Three-dimensional super-resolution imaging

There are fewer topics hotter in optical microscopy than breaking the diffraction limit. Scientists around the world have been making a push in the last few years to lessen the drawbacks to various super-resolution techniques. Today, Jian Yong Tang from Howard Hughes Medical Institute presented a way to add the third dimension to super-resolution imaging.

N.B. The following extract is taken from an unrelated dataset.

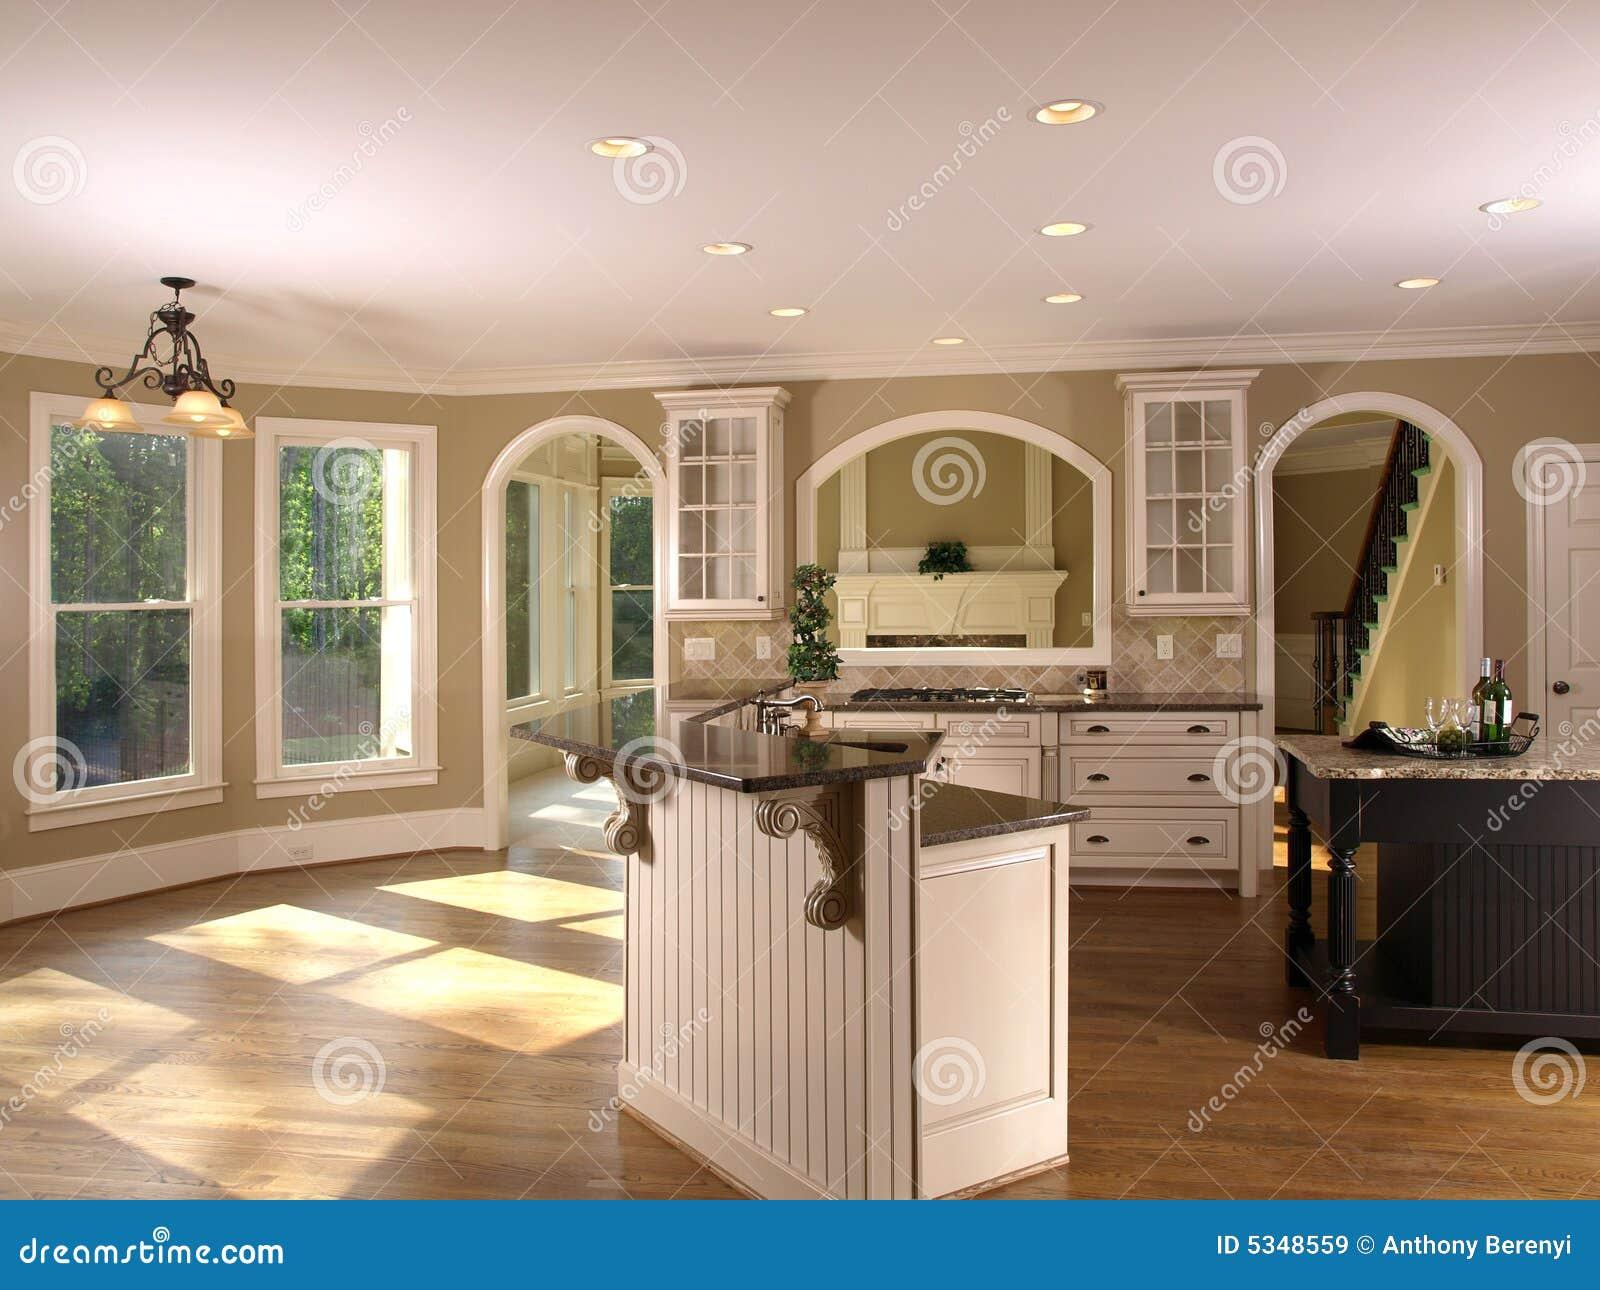 kitchenette de luxe 1 de maison mod le images libres de droits image 5348559. Black Bedroom Furniture Sets. Home Design Ideas

His method, which he calls virtual volume photoactivated localization microscopy (PALM), bridges the gap in current methods, most of which provide either a high volume or high axial resolution but not both. He used a simple approach – placing a tilted mirror beside the sample – to create a virtual image of the side of the sample. The microfabricated tilted micro-mirror simultaneously generates a side view of emitting single molecules. This converts the task of axial localization to lateral localization. Thus, the 3D image can be reconstructed with isotropic resolution by correlating single molecule events in the front view and side views.

He tried this method on bacteria, imaging a protein labeled with Dronpa (a photoswitchable fluorescent protein) in a single E. coli cell. He was able to produce very nice 3D images that were higher resolution than confocal microscopy would produce.

Virtual volume PALM comes with the advantages of not relying on an off-focus pattern, being less sensitive to Z-drift, being less vulnerable to optical aberration, and producing similar resolutions in all dimensions. It does have a limited field of view, but this can be overcome using tiling. For biological applications, the third dimension helps give assurance that the image or shape being seen isn’t an artifact.

Tang also presented results from combining virtual volume PALM with another technique called point accumulation for imaging in nanoscale topography (PAINT) and would like to combine it with other methods such as temporal focusing. In addition, his group is working gradually toward live cell imaging.